» **Collected data**
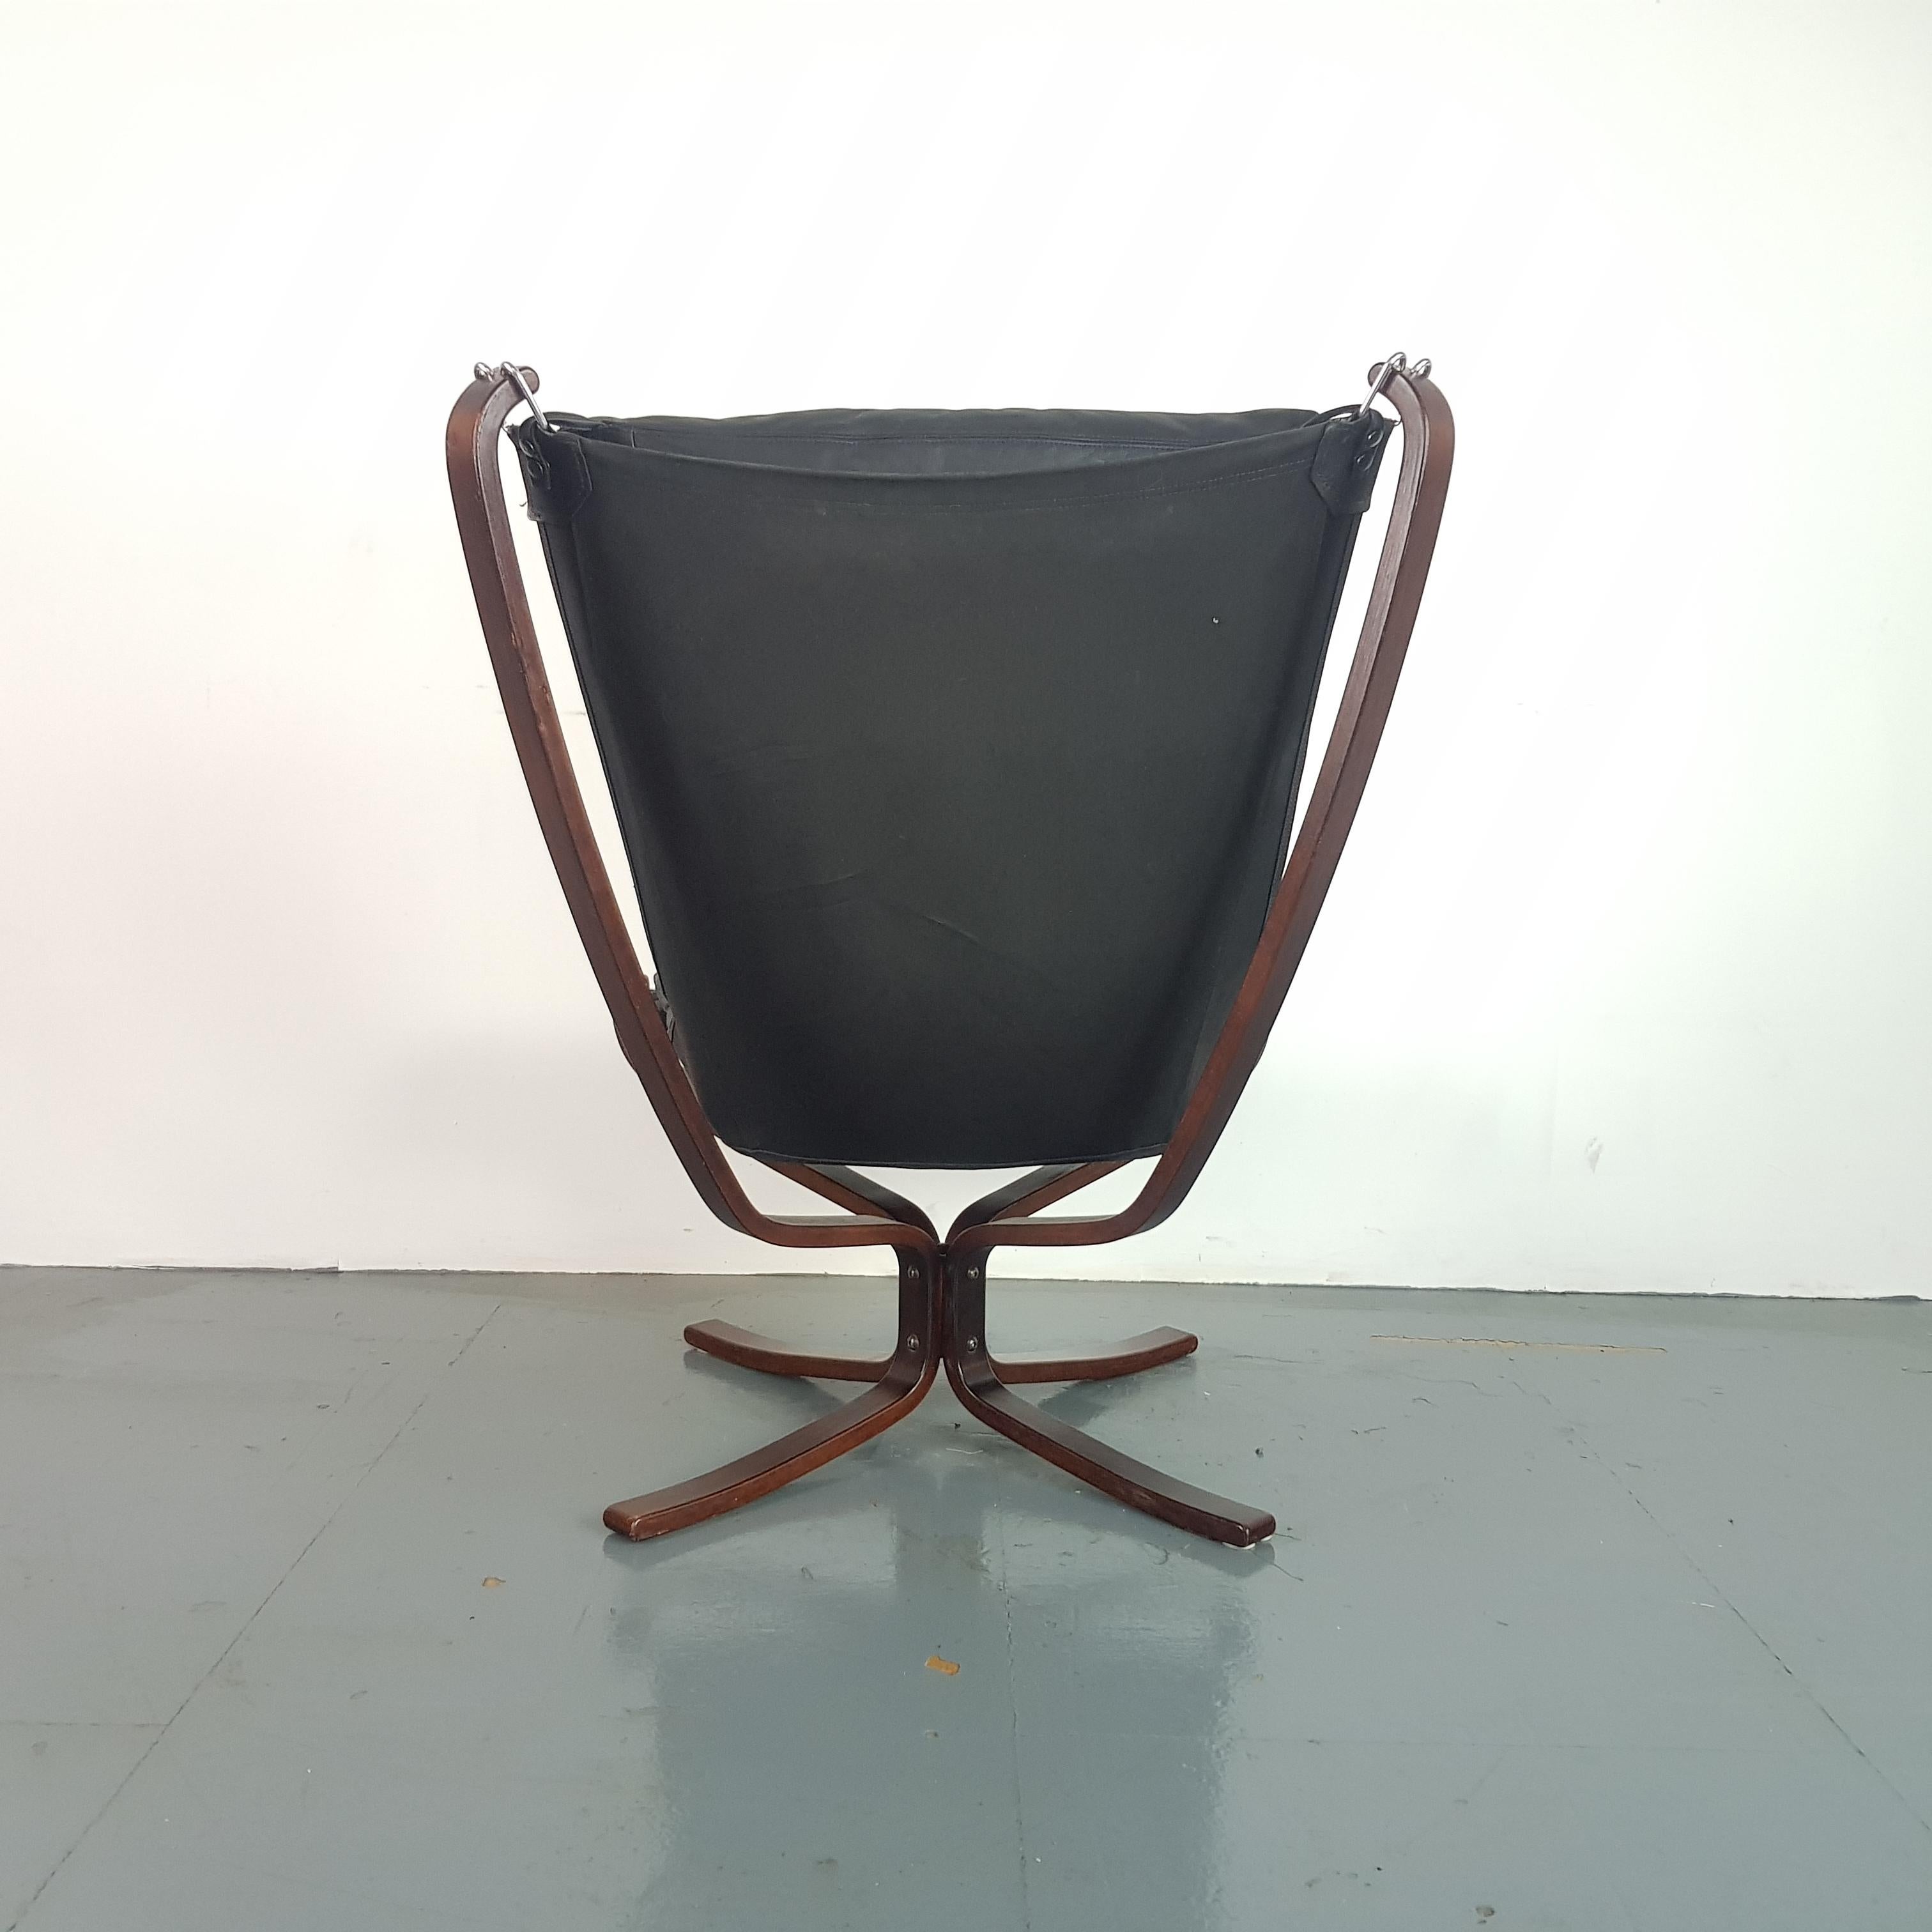 Lovely vintage high back black leather Falcon chair designed by Sigurd Resell.

In good vintage condition. There is some age-related wear, as expected, but nothing really noticeable. The leather is in good condition with no rips or tears. 

The
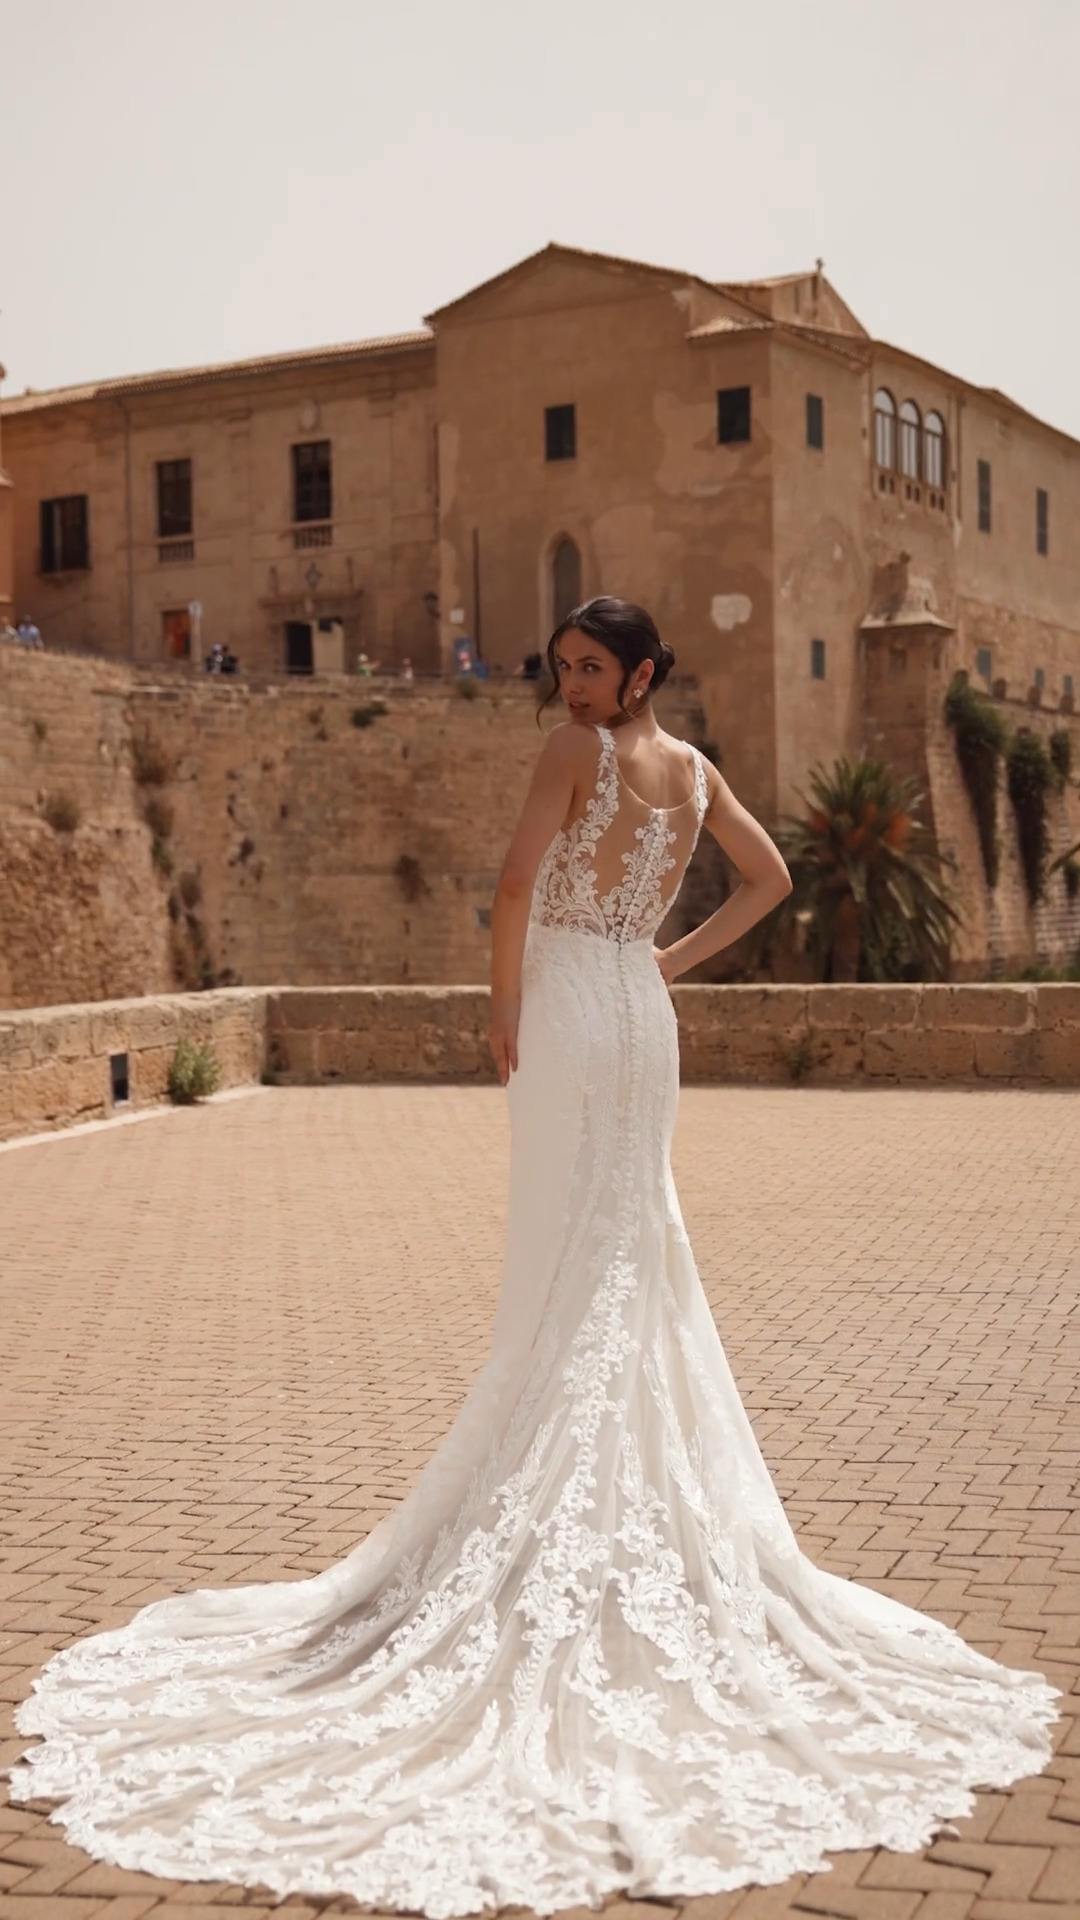 Bride Wearing A Fitted Crepe Wedding Dress With Illusion Back and Cutout Lace Train

» **What is expected**
Aside from the pictures, repeat the listing exactly.

» **Response below**
 Lovely vintage high back black leather Falcon chair designed by Sigurd Resell.

In good vintage condition. There is some age-related wear, as expected, but nothing really noticeable. The leather is in good condition with no rips or tears. 

The
 Bride Wearing A Fitted Crepe Wedding Dress With Illusion Back and Cutout Lace Train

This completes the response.